Word for word, restate the lines from the one containing "Polonia v Arabia" through the last line of the material, and include no pictures.
Content starts
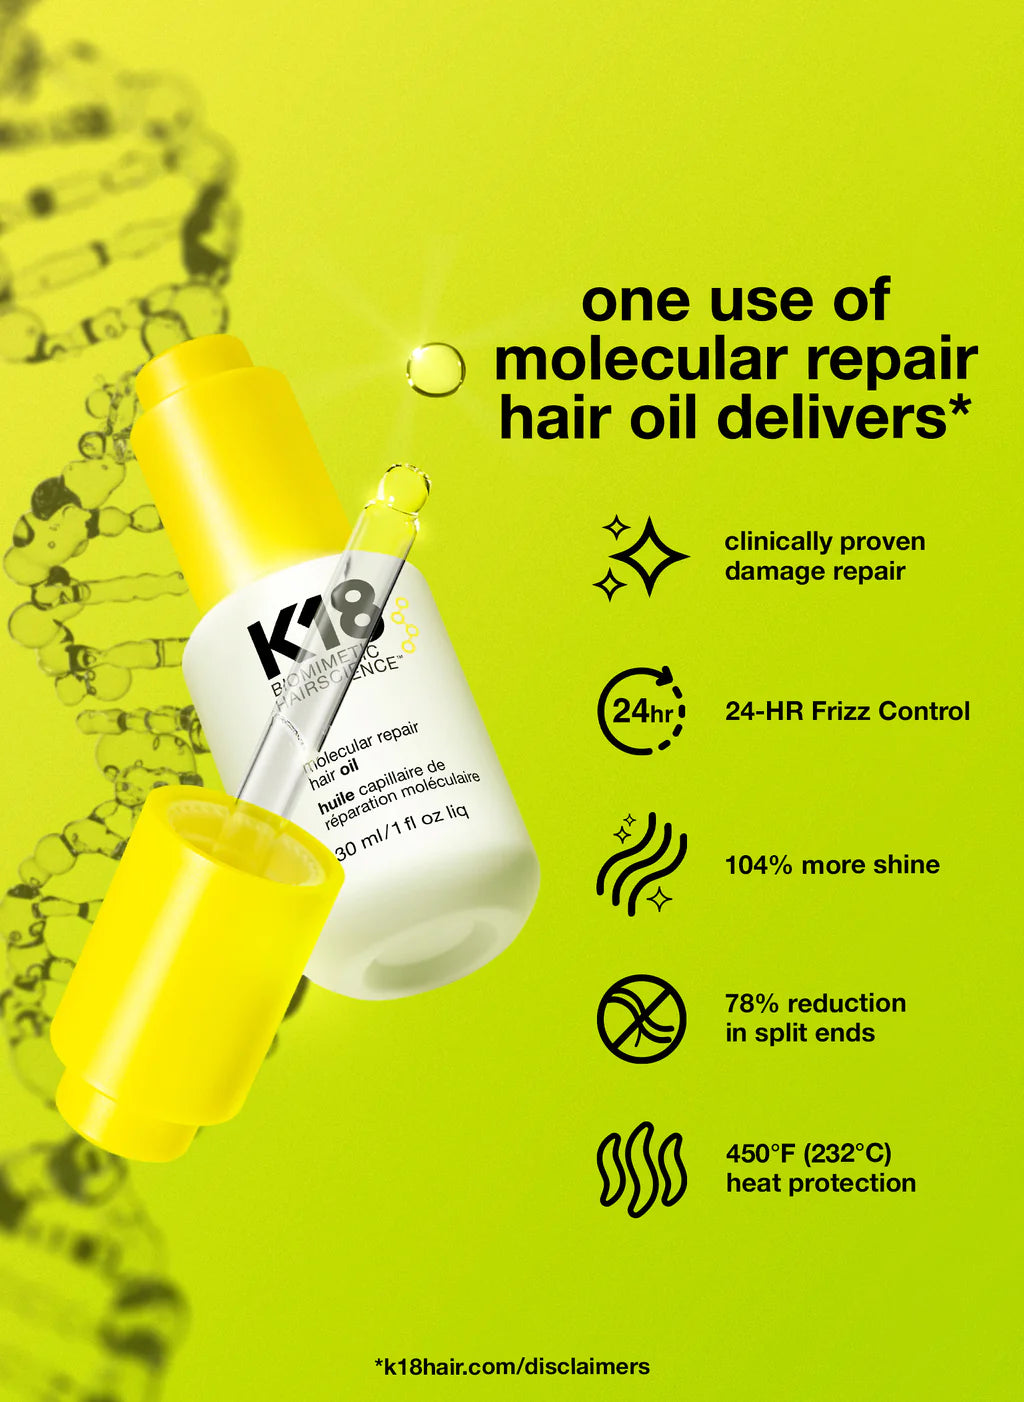 K18 Molecular Repair Oil
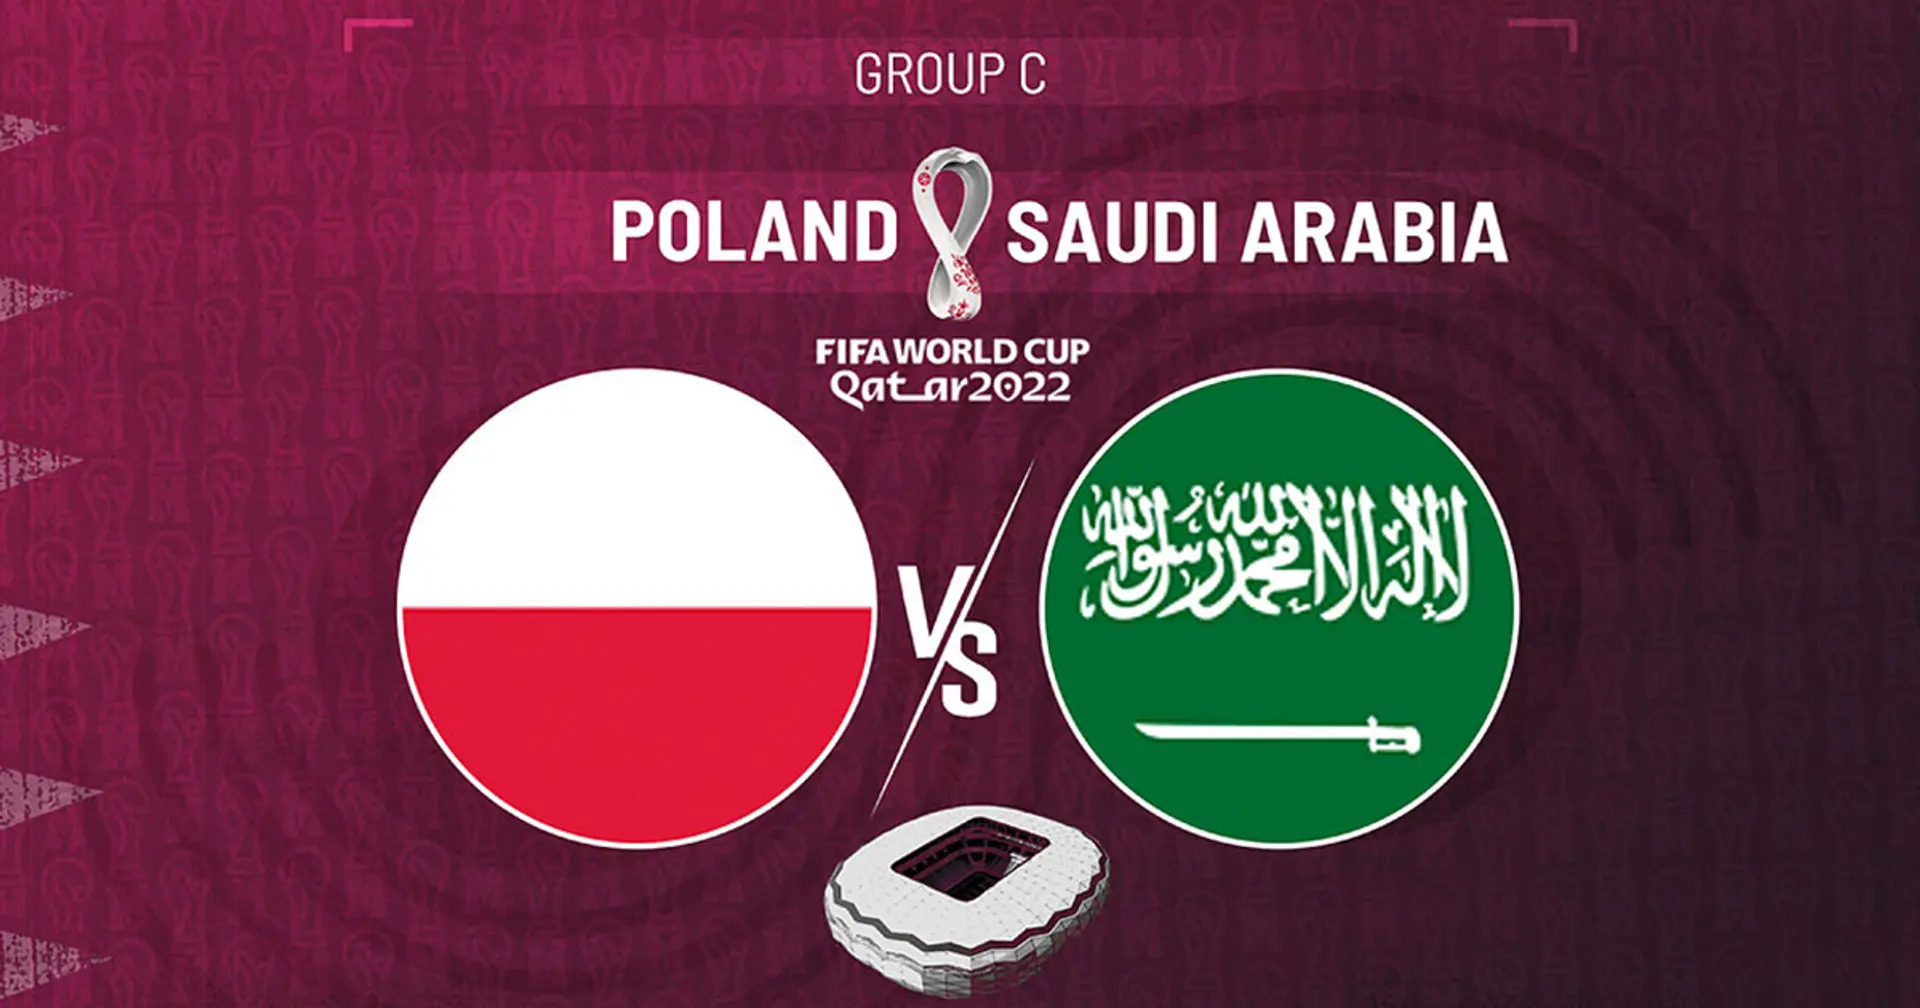 Polonia v Arabia Saudita: se revelan las alineaciones oficiales de los equipos para el choque de la Copa del Mundo
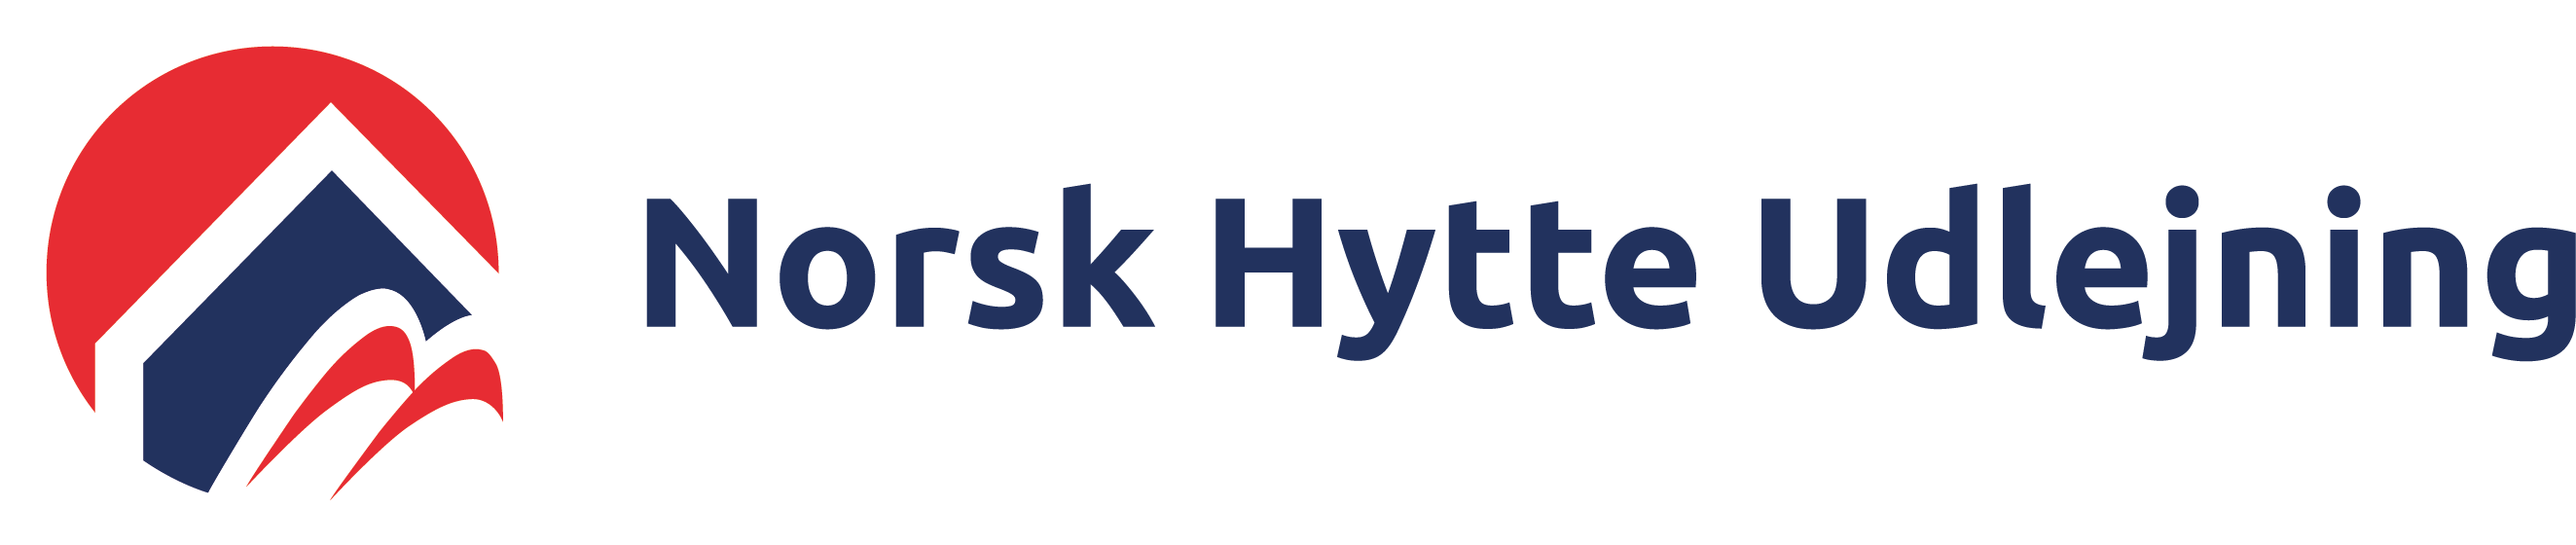 Norsk Hytte Udlejning logo
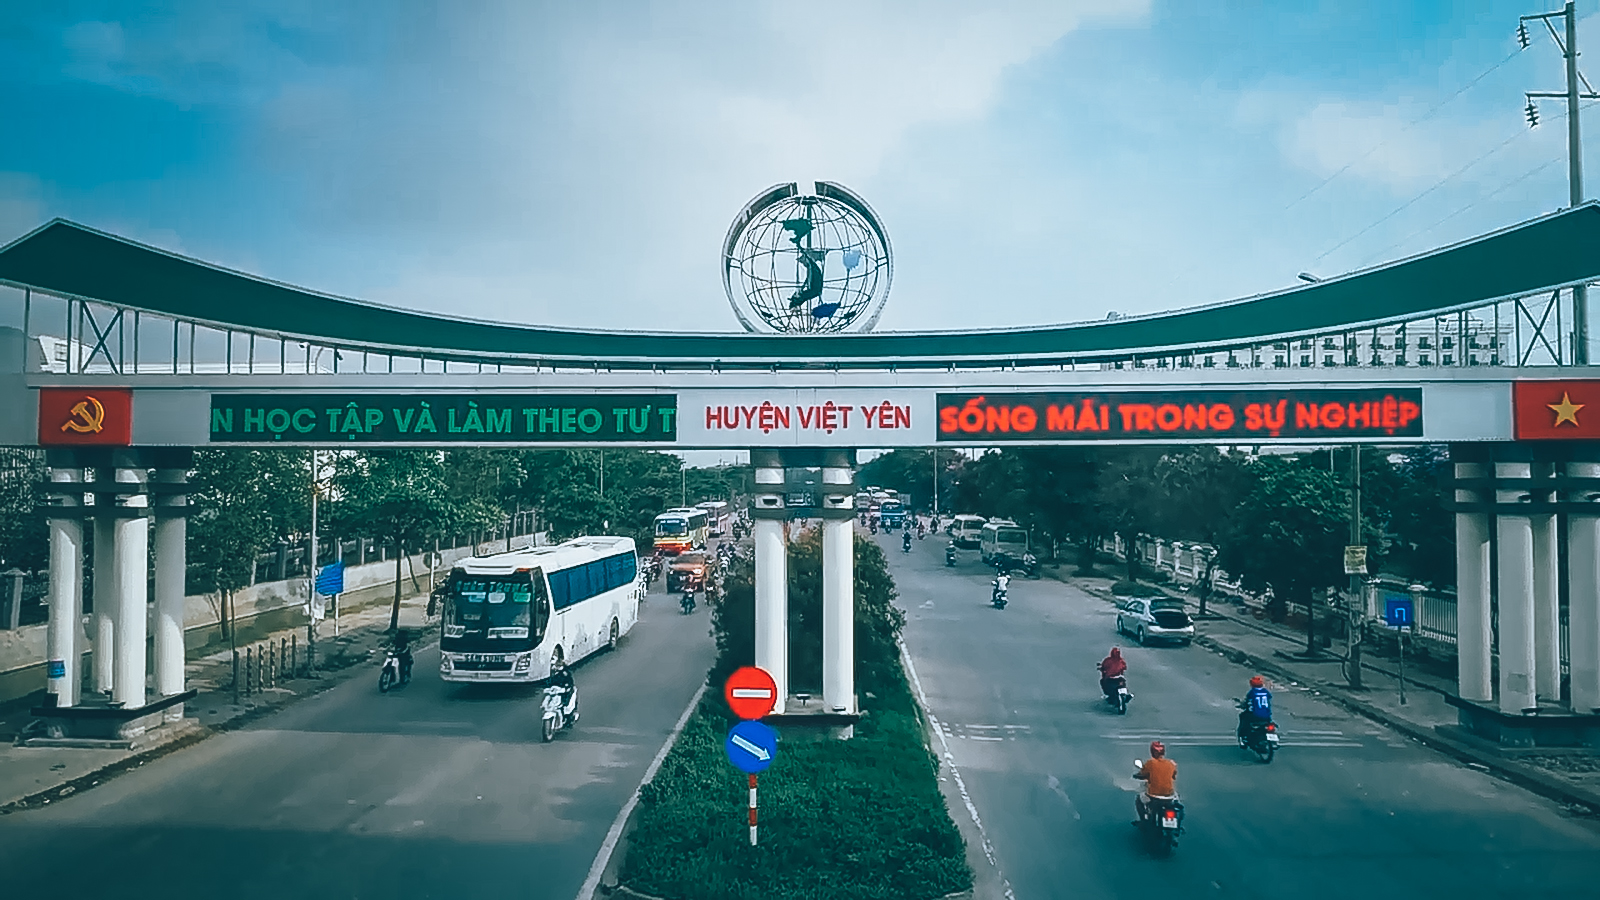 Viet Yen - Bac Giang
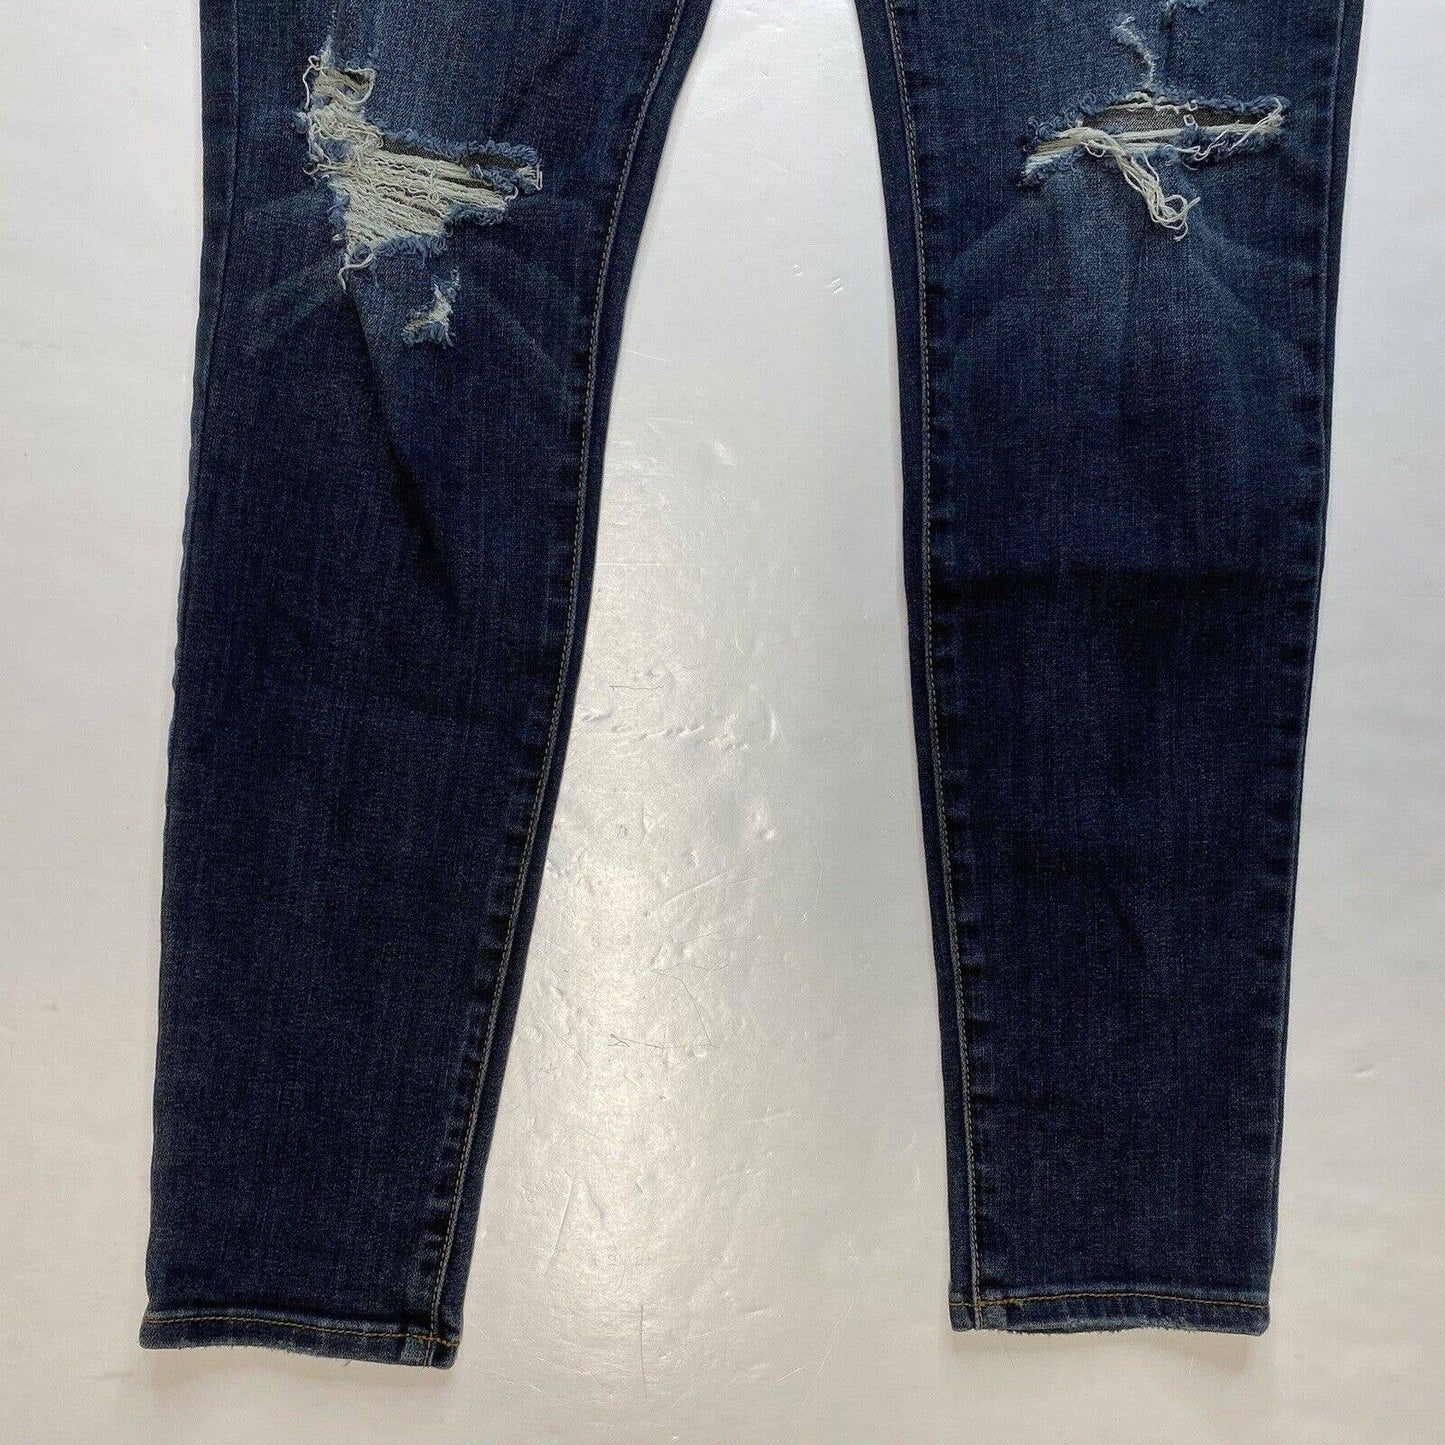 American Eagle Hi-Rise Jegging 6 Reg Super Stretch Denim Jeans Dark Ripped Holes
Content ends
OUTPUT OF THE TASK:
 Polonia v Arabia Saudita: se revelan las alineaciones oficiales de los equipos para el choque de la Copa del Mundo
 Norsk Hytte Udlejning logo
 Viet Yen - Bac Giang
 American Eagle Hi-Rise Jegging 6 Reg Super Stretch Denim Jeans Dark Ripped Holes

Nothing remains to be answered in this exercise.